The balloon-expandable SAPIEN 3 valve (S3V; Edwards Lifesciences Inc., Irvine, California) is a new-generation transcatheter valve that incorporates an external sealing cuff at the bottom of the stent frame to reduce the incidence of paravalvular leaks. The preliminary results of a first-in-man series including 15 patients who underwent transcatheter aortic valve replacement (TAVR) showed the feasibility and safety of this new system. Also, the rate of paravalvular leaks ≥mild was <30%, with no cases of moderate aortic regurgitation (AR) after TAVR. These data, however, were not evaluated in a central echo core laboratory, and it is well known that determining the presence and severity of AR after TAVR can be associated with high variability. Moreover, no data exist on the comparison of the hemodynamic performance of this new-generation transcatheter valve with earlier generation valve systems. The objective of this study was, therefore, to compare the hemodynamic performance of the S3V valve with the balloon-expandable SAPIEN XT valve (SXTV) as evaluated in a central echocardiography laboratory, with special focus on the presence and degree of paravalvular leaks.
Methods
A total of 27 consecutive patients with severe symptomatic aortic stenosis underwent TAVI with the SAPIEN 3 device (Edward Lifesciences) in 2 centers. These patients were matched with patients who had undergone transcatheter aortic valve implantation (TAVI) with the 26-mm SXTV who were drawn from a prospective database of 270 consecutive patients who survived the periprocedural period. The matching criteria (all pre-TAVI) were (1) prosthesis size (26 mm, exact match), (2) aortic annulus area (within 50 mm 2 ) as assessed by multidetector computed tomography (MDCT), (3) mean aortic annulus diameter as assessed by MDCT (within 0.5 mm), (4) left ventricular ejection fraction (within 10%) measured by transthoracic echocardiography, (5) body surface area (within 0.4 m 2 ), and (6) body mass index (within 5 kg/m 2 ). A variable number of controls (from 1 up to 4) was used leading to a final sample of 50 matched patients who had undergone TAVI with the SXTV. The values of the matched variables, according to valve type, are listed in Table 1 .
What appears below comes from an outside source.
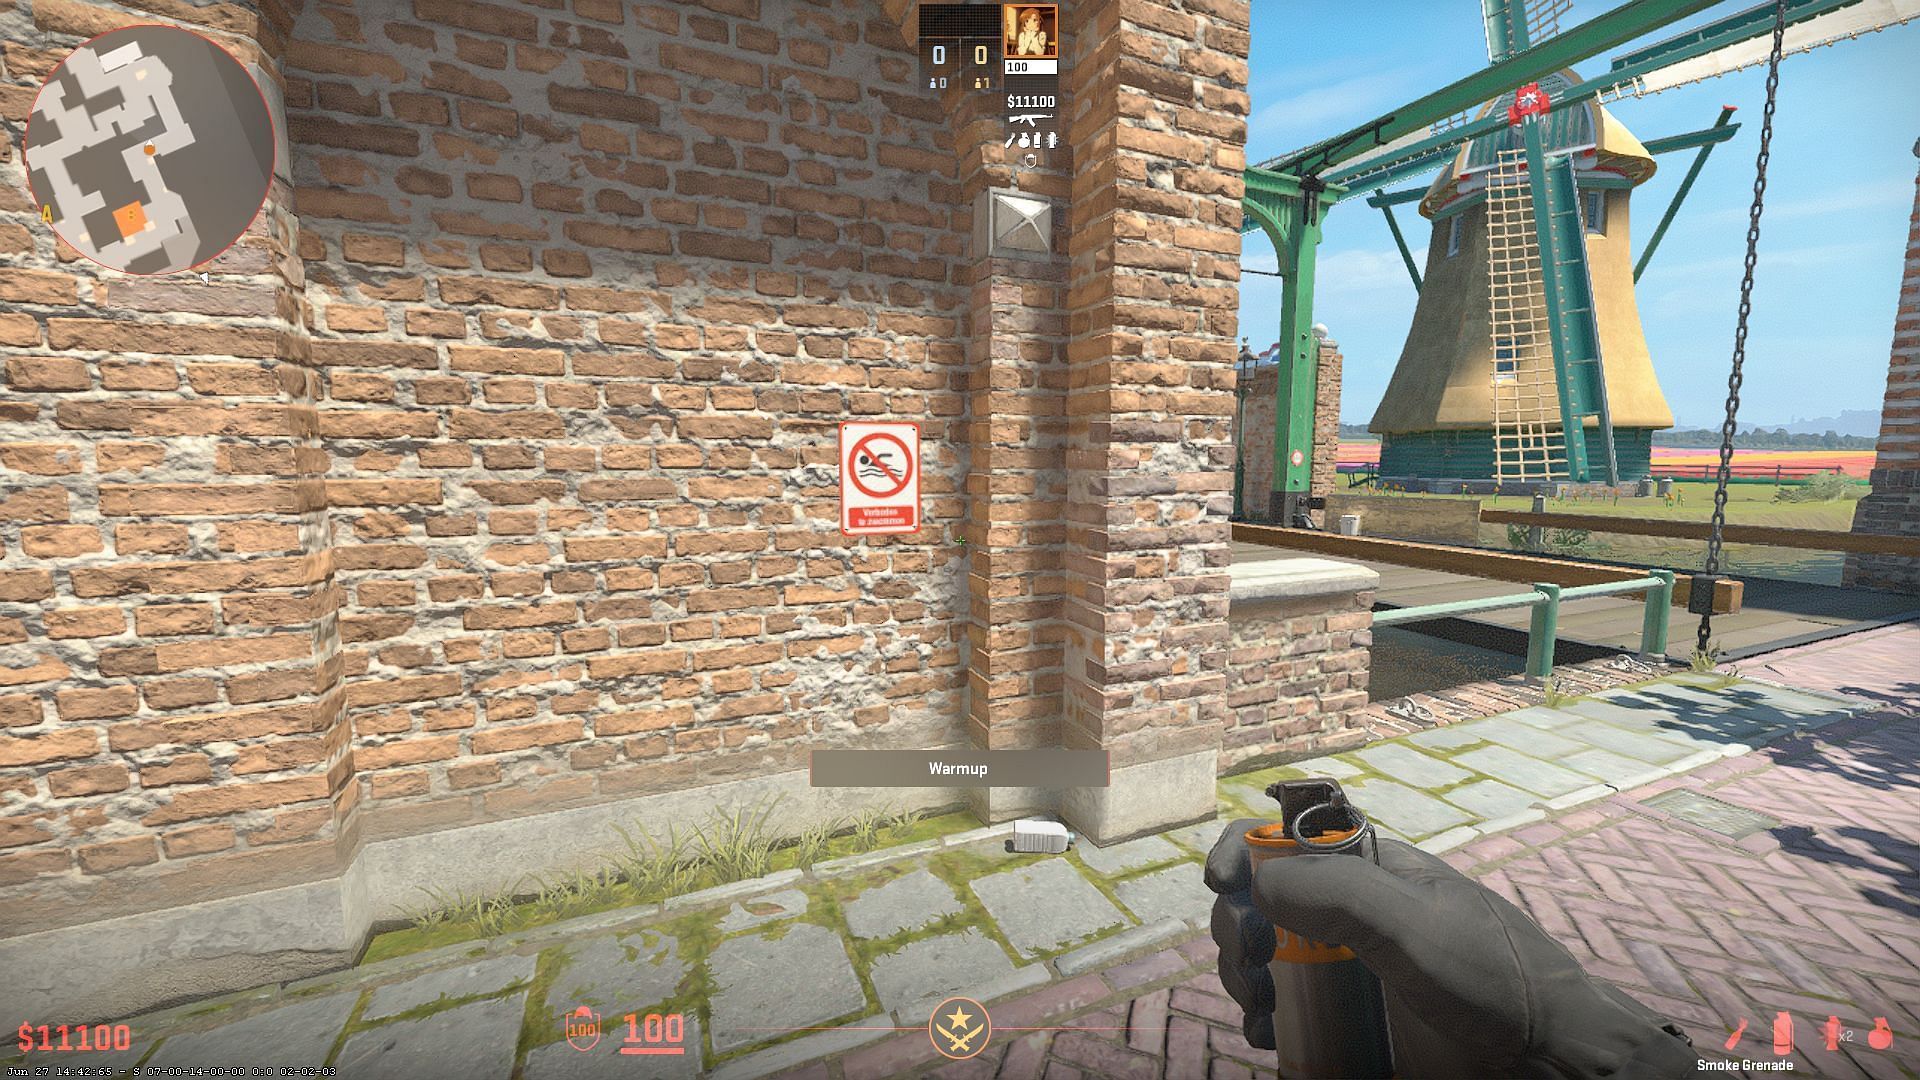 Stand near the warning sign (Image via Valve)

| Variable | All (n = 77) | Sapien XT (n = 50) | Sapien 3 (n = 27) | p-Value |
|---|---|---|---|---|
| Mean aortic annulus diameter ∗ (mm) | 24.5 ± 1.6 | 24.6 ± 1.7 | 24.2 ± 1.3 | 0.391 |
| Aortic annulus area ∗ (mm 2 ) | 467 ± 45 | 465 ± 48 | 472 ± 37 | 0.615 |
| Left ventricular ejection fraction (%) | 52 ± 12 | 53 ± 14 | 51 ± 9 | 0.293 |
| Body surface area (m 2 ) | 1.92 ± 0.21 | 1.90 ± 0.22 | 1.96 ± 0.20 | 0.243 |
| Body mass index (kg/m 2 ) | 27 ± 6.2 | 27.4 ± 5.7 | 26.3 ± 7.1 | 0.480 |
MDCT examinations were performed and interpreted according to the criteria recommended by Achenbach et al. Briefly, MDCT acquisition protocol was performed ECG gated (in systole), during suspended respiration, with a system of 64 simultaneously acquired slices and administration of iodinated contrast medium. Reconstruction of 0.6-mm slice width throughout the entire imaging volume was obtained.
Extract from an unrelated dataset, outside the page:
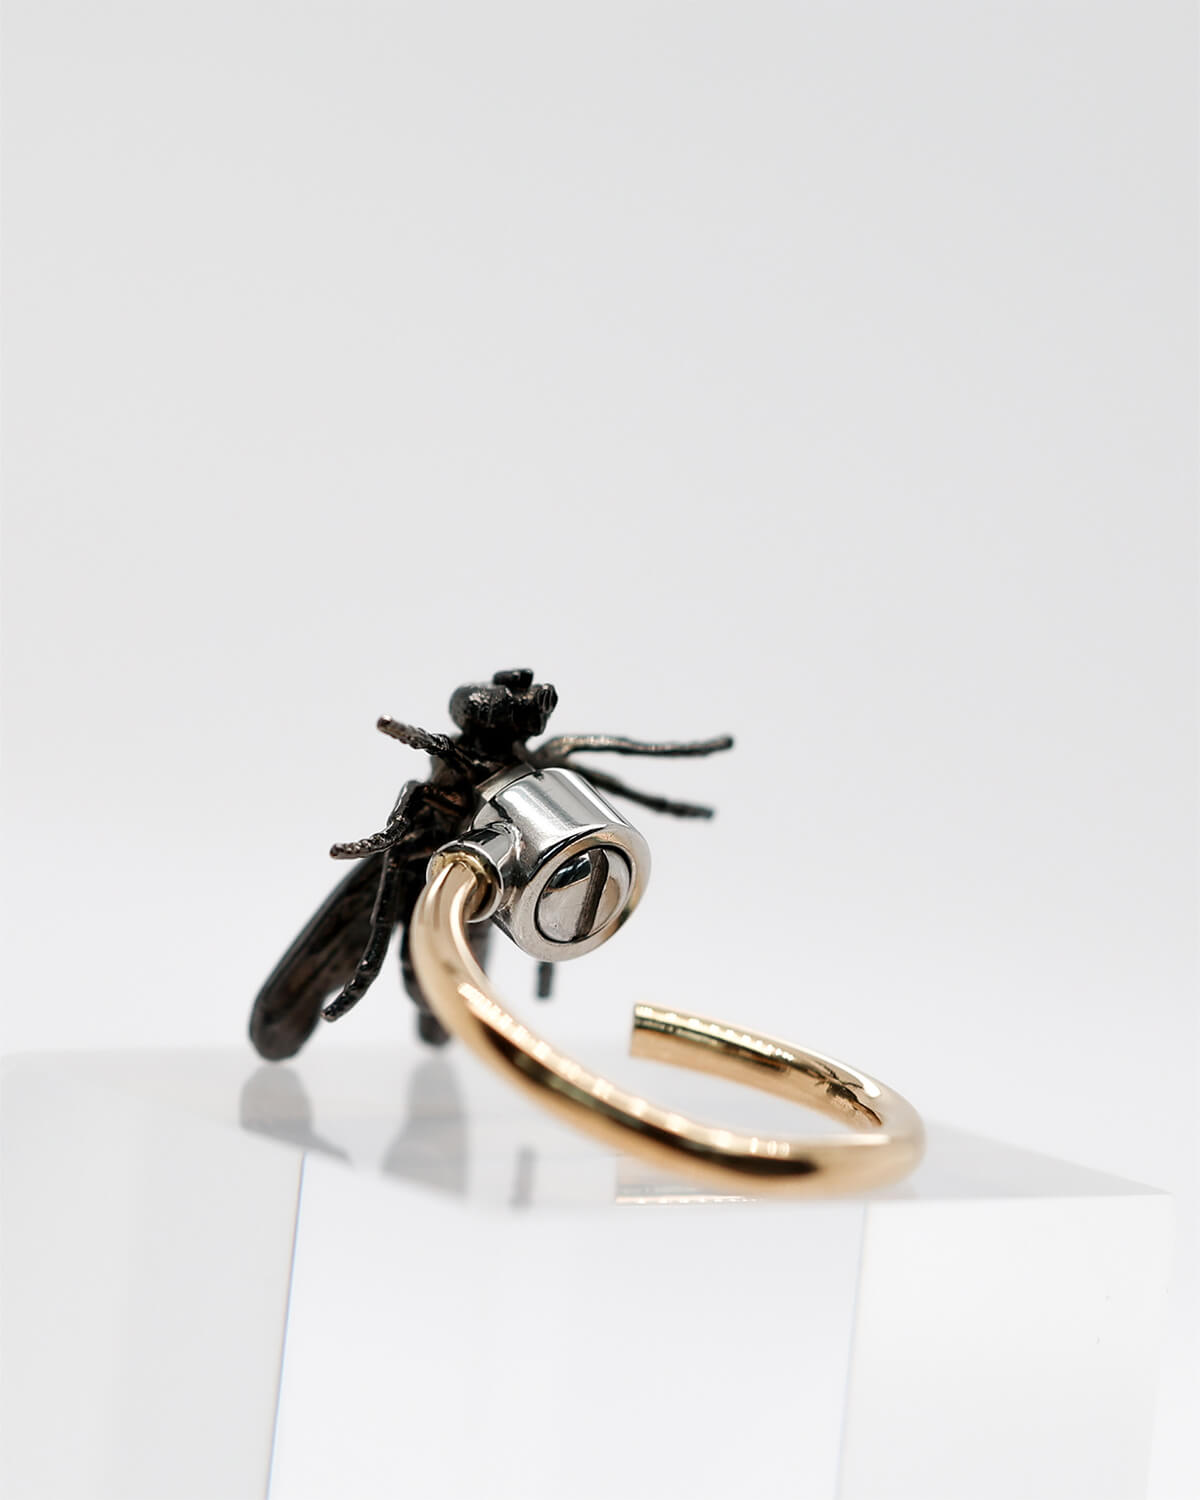 GOLD RING, INSECT COLLECTION

Prosthesis sizing was determined on the basis of aortic annulus area measurements as previously described. The objective was to obtain a 1% to 15% prosthesis area oversizing with respect to the aortic annulus area in all patients. The TAVR procedure has been explained in detail in previous publications. The procedures were guided by fluoroscopy/angiography and transesophageal echocardiography. Procedural data and 30-day events were prospectively recorded and defined according to the Valve Academic Research Consortium-2 criteria. The procedures were performed under a compassionate clinical use program approved by Health Canada, and all patients provided signed informed consent.
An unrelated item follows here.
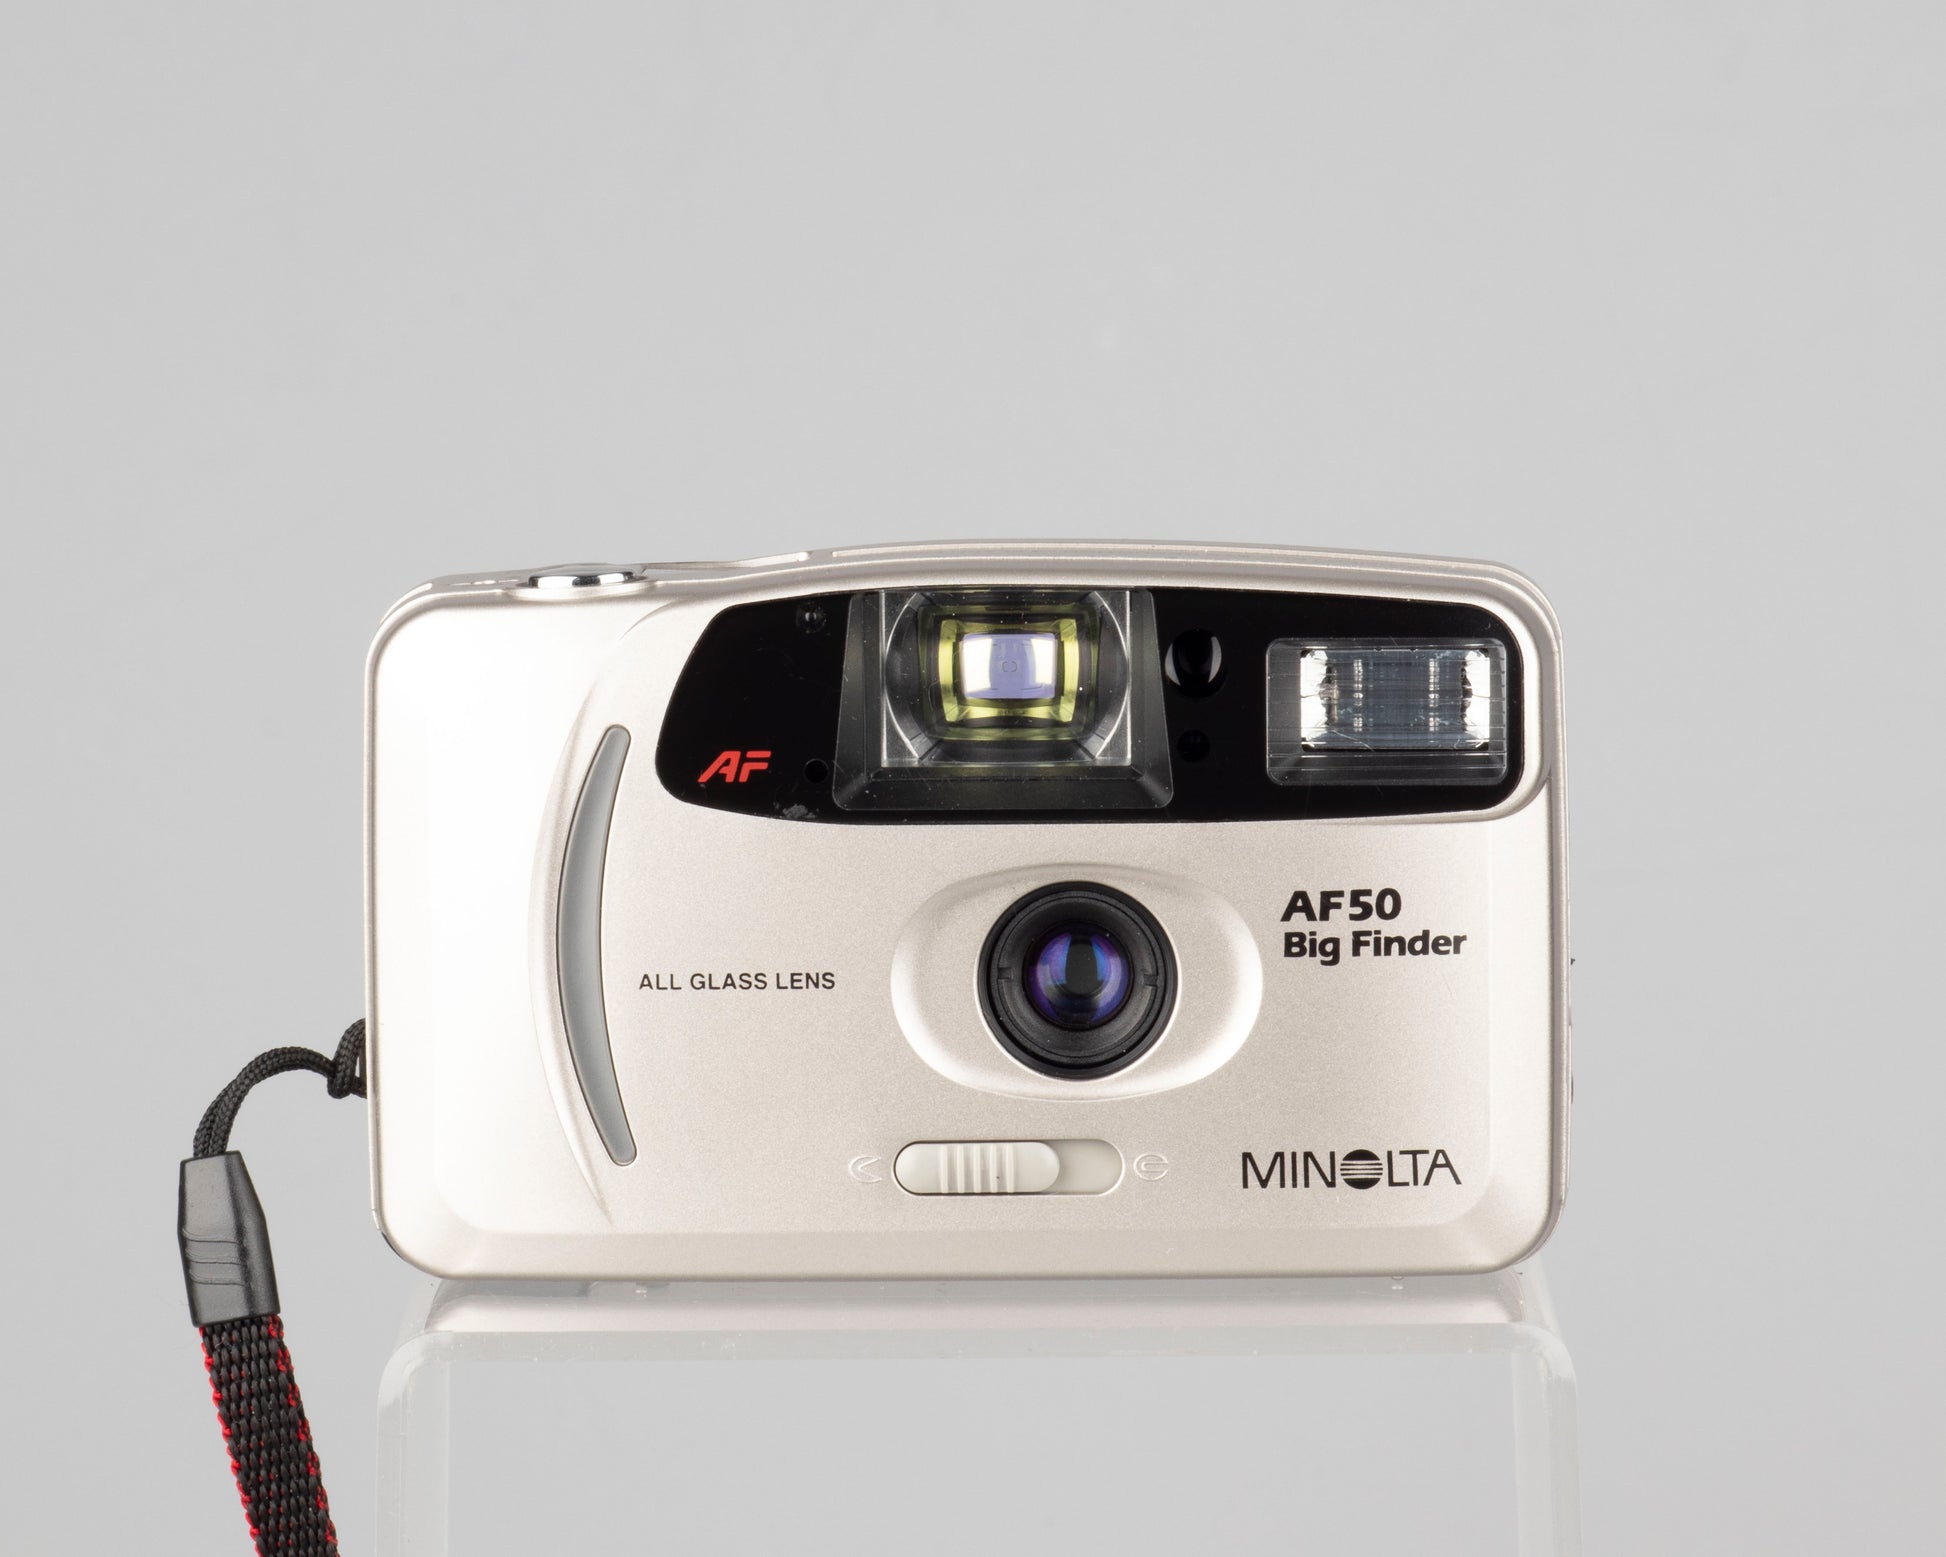 The Minolta AF50 Big Finder is an ultra compact 35mm auto focus camera from the late 1990s

All patients underwent a complete transthoracic echocardiographic examination, according to the guidelines of the American Society of Echocardiography, before the procedure and at 1-month follow-up (available for all patients). All echocardiographic examinations were evaluated in the echocardiography core laboratory of the Quebec Heart and Lung Institute (directed by PP and JGD). All images were stored in digital format, and the analyses were performed off-line by experienced technicians and supervised by a cardiologist (JGD) unaware of the clinical data and prosthesis type (structural differences between the 2 valve types cannot be distinguished by echocardiography) using an Image Arena Platform (TomTec Imaging Systems, Unterschleissheim, Germany). Valve types were not distinguishable in echocardiographic images. The following measurements were obtained for all patients: aortic annulus diameter, left ventricular outflow tract diameter, stroke volume, left ventricular ejection fraction evaluated using the biplane Simpson method, the mean and peak transvalvular gradient estimated with the modified Bernoulli formula, and valve effective orifice area (EOA) calculated using the continuity equation. The aortic annulus was measured in a zoomed parasternal long-axis view from the hinge point of the anterior aortic cusp and the ventricular septum to the junction of the posterior aortic cusp and the anterior mitral leaflet. After TAVR, the left ventricular outflow tract diameter was measured just underneath the apical margin of the prosthesis stent. The left ventricular outflow tract Doppler recordings were also obtained just below the stent margin to ensure that the flow velocities were recorded at the same location as the left ventricular outflow tract diameter. If the transcatheter valve was positioned low in the left ventricular outflow tract with the stent margin close to the apical end of the left ventricular outflow tract, the measures of the left ventricular outflow tract diameter and velocity were obtained within the stent just below the transcatheter valve leaflets. The Doppler velocity index was calculated as the left ventricular outflow tract velocity/transvalvular velocity ratio.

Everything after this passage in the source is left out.